Светлый фон

Витте неожиданно отошел от толпы встречавших его, поздоровался с ним и через переводчика стал его о чем-то с интересом расспрашивать. Он интересовался некоторыми деталями, кажется, тем, как поезд мог прийти раньше назначенного срока или чем-то в этом духе. Это интересовало министра как бывшего «помощника начальника станции».

Вновь фурор, вновь портрет Витте и машиниста и восторг перед демократичностью этого удивительного посла самодержавного царя. <…>

 

Перед тем чтобы окончить эти мои отрывки воспоминаний, я хочу рассказать, как Витте использовал «молодого человека», как говорит обо мне гр<аф> С. Ю. Витте в своих заметках[173].

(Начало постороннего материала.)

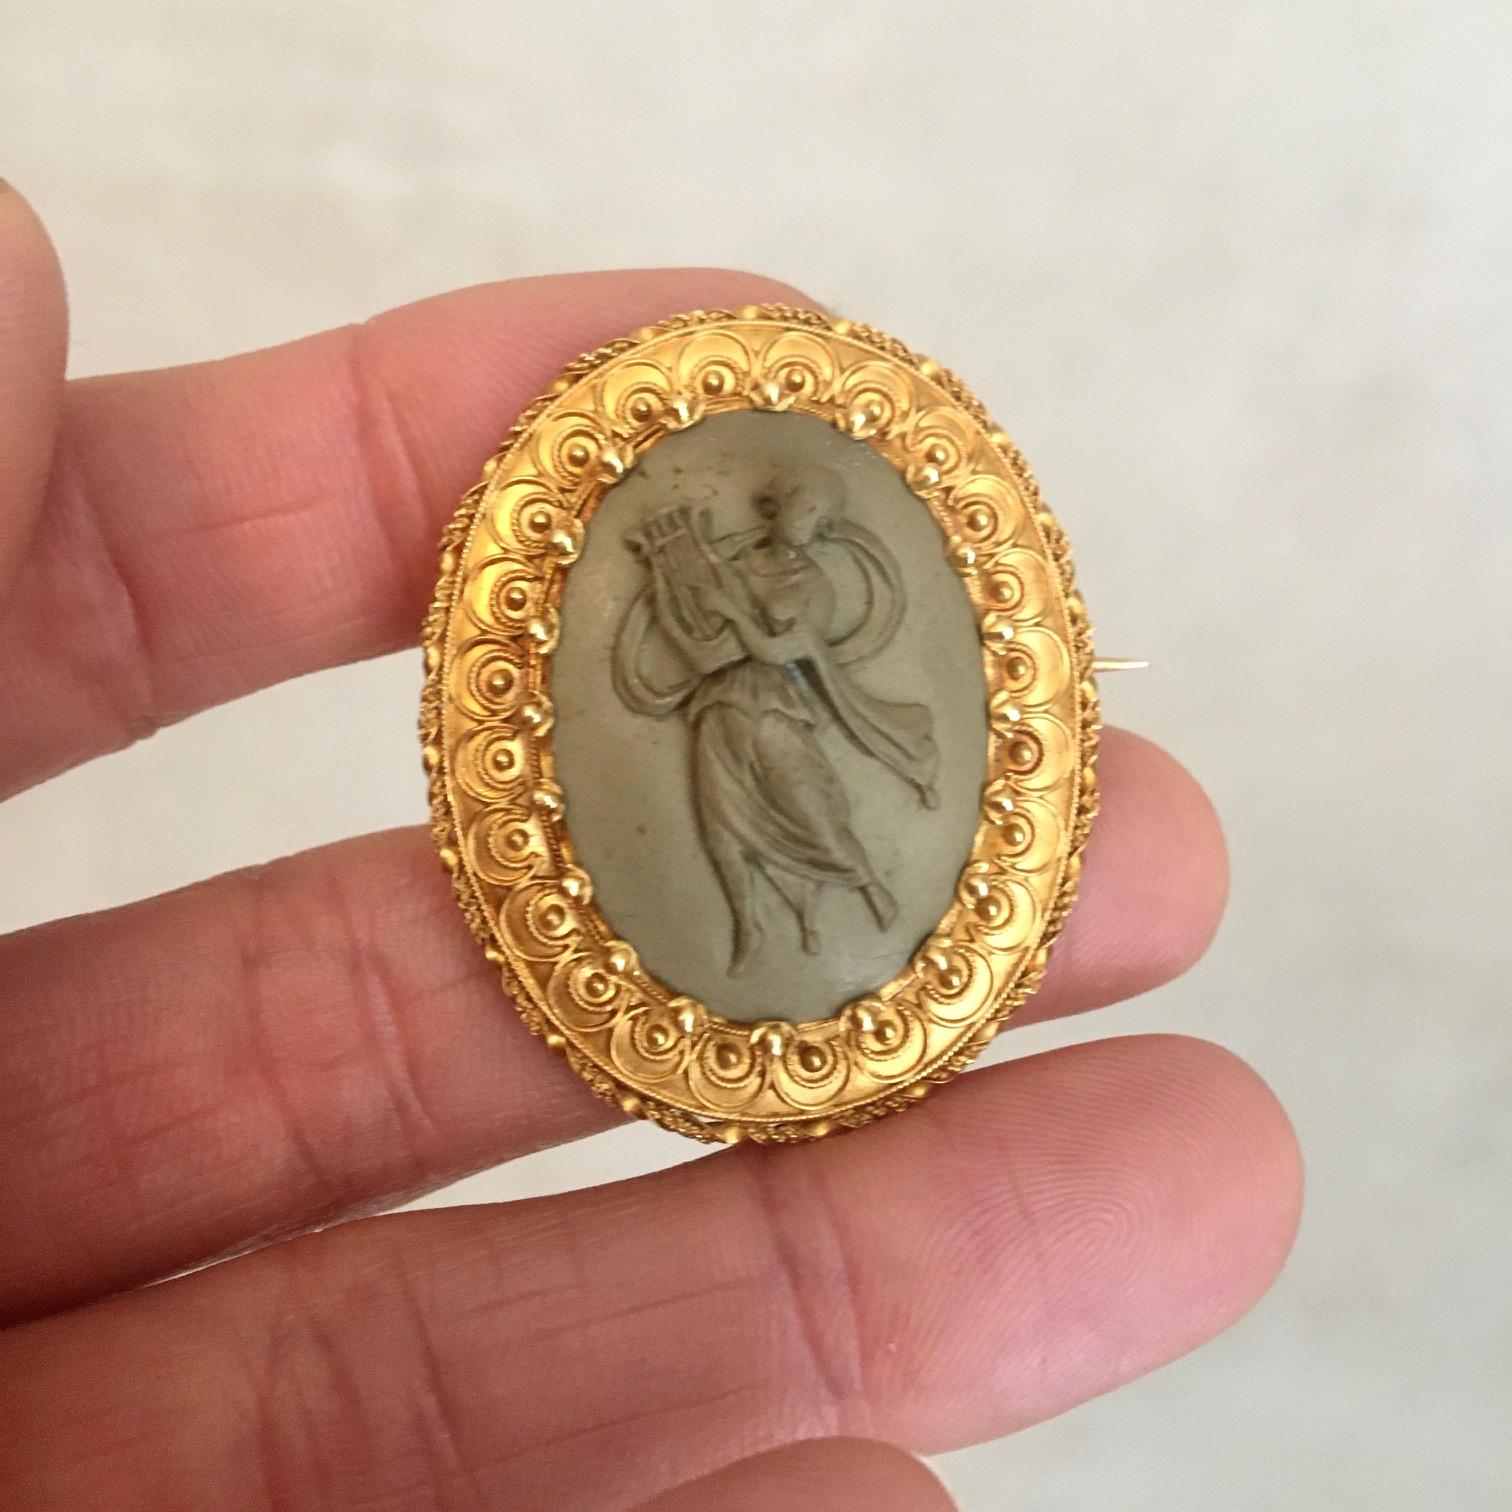 An antique 19th century high relief lava cameo brooch created with a 14 karat yellow gold frame. This gorgeous carved high relief depicts a graceful muse playing her lyre. The gold border is finely detailed with twisted ribbon around the edge, rope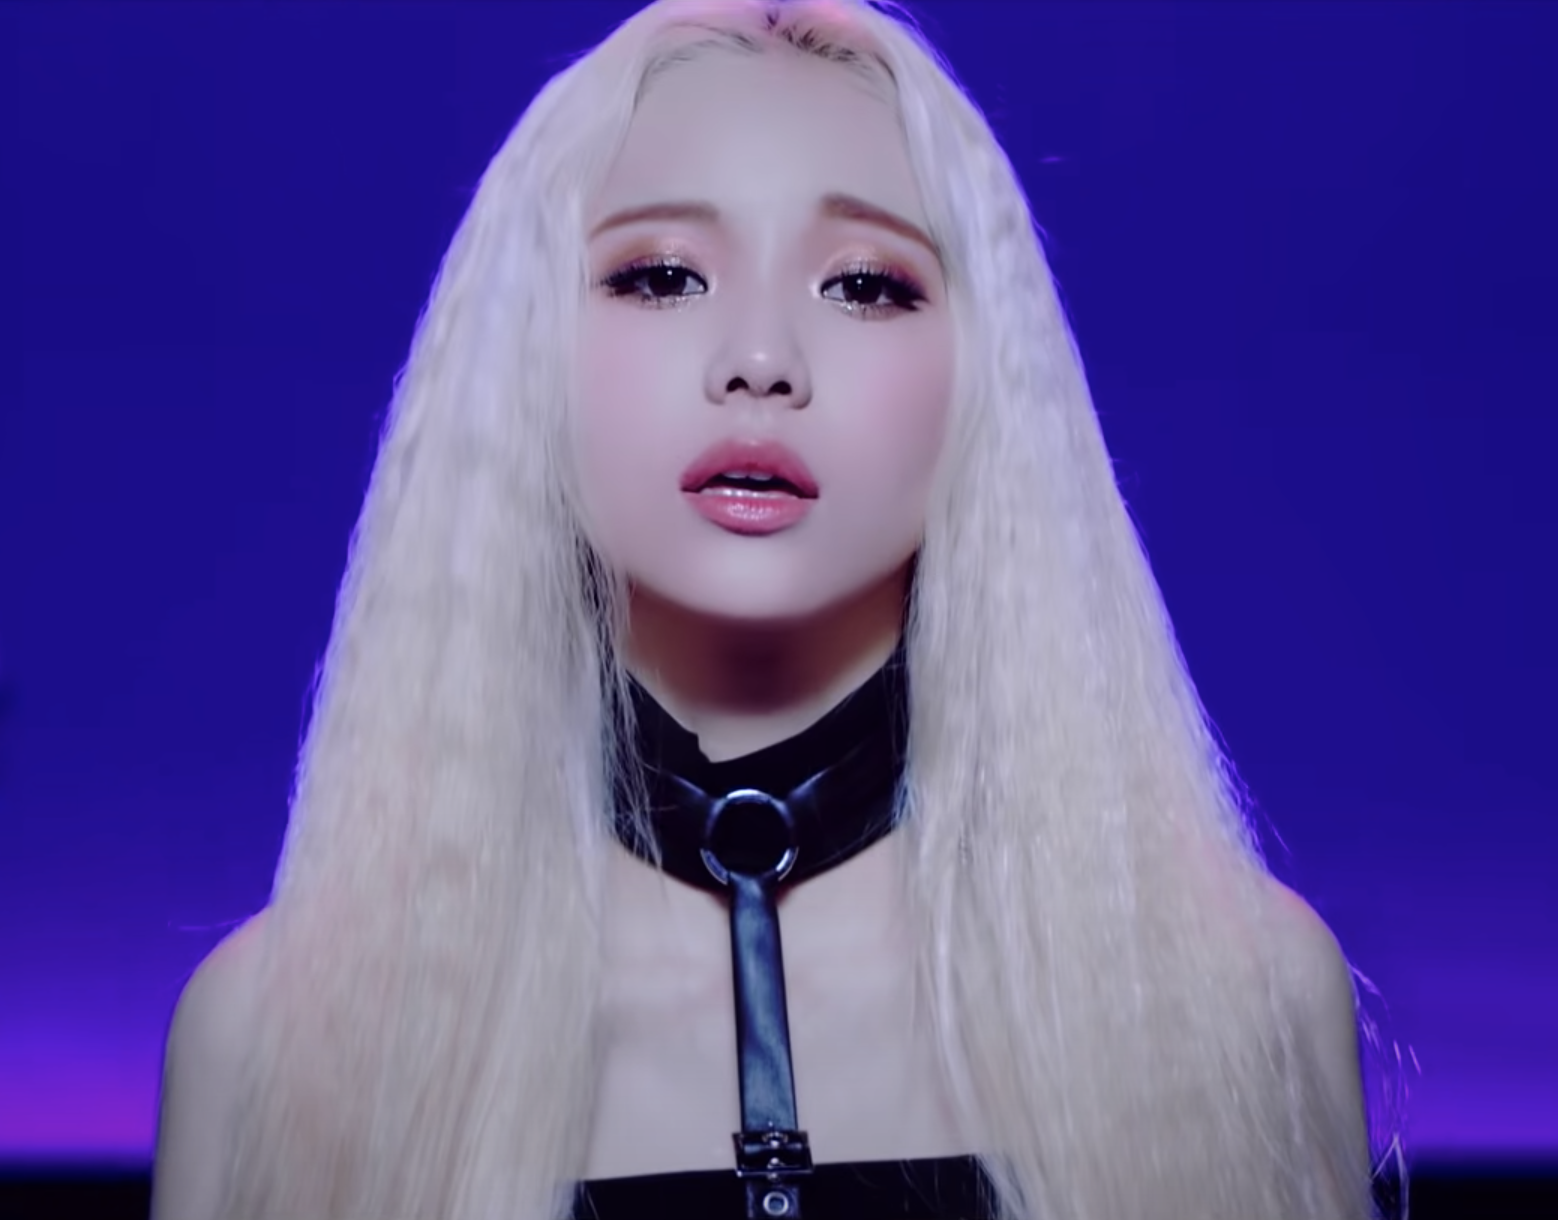 JinSoul sings to the camera, a pleading expression in her eyes

Как я уже писал, я действительно был очень молод, и рьян, и доверчив.

За два дня до подписания мира поздно вечером в бар, или, как его называли, в пальм-гарден пришел лакей Витте Василий и заявил, что С. Ю. просит меня немедленно к себе.

Я застал его в большом волнении. Он ходил по комнате и просил меня отправить телеграмму моему отцу. В ней нужно было дать понять, что мир невозможен, что, к сожалению (для Витте), он не может заключить мир, что кампания «Нового времени» ему очень повредила.

Он делал большие жесты и даже крестился широким крестом, призывая Бога в свидетели того, что он все сделал, чтобы добиться мира, но что Петербург ему мешает.

На прощание он обнял меня и просил отправить эту телеграмму немедленно.

Я был растроган и видом расстроенного Витте, и оказанным мне доверием, т. к. он дал мне обещание никому об этом из других журналистов не сообщать.

В этом настроении я, так чтобы этого не заметили мои коллеги, отправил телеграмму.

На другой день слухи о том, что мир не будет подписан и что конференция окончится ничем, распространились в нашей гостинице.

Вечером Витте вновь меня вызвал и сказал: «Ваш отец может быть доволен, мир невозможен». Он был совсем расстроен, опять крестился и просил никому ничего не говорить о моем с ним разговоре.

Он спросил, послал ли я телеграмму, и, узнав, что телеграмма отправлена, посоветовал послать другую, короткую, с известием о том, что мир заключен быть не может. Мне показалось даже, что на глазах его были слезы, во всяком случае, он был очень взволнован.

Я послал телеграмму еще более категорическую, чем предыдущая.

На другой день все ждали разрыва совещания. Я гулял вдоль веранды с сотрудником Associated Press итальянцем Кортези. Он был очень милый человек и с Томсоном и молодым Вильямсом представлял это могущественное агентство.

Во время разговора, посмотрев на часы (было около завтрака), он вдруг сказал мне: «Хотите держать пари, что мир уже подписан?»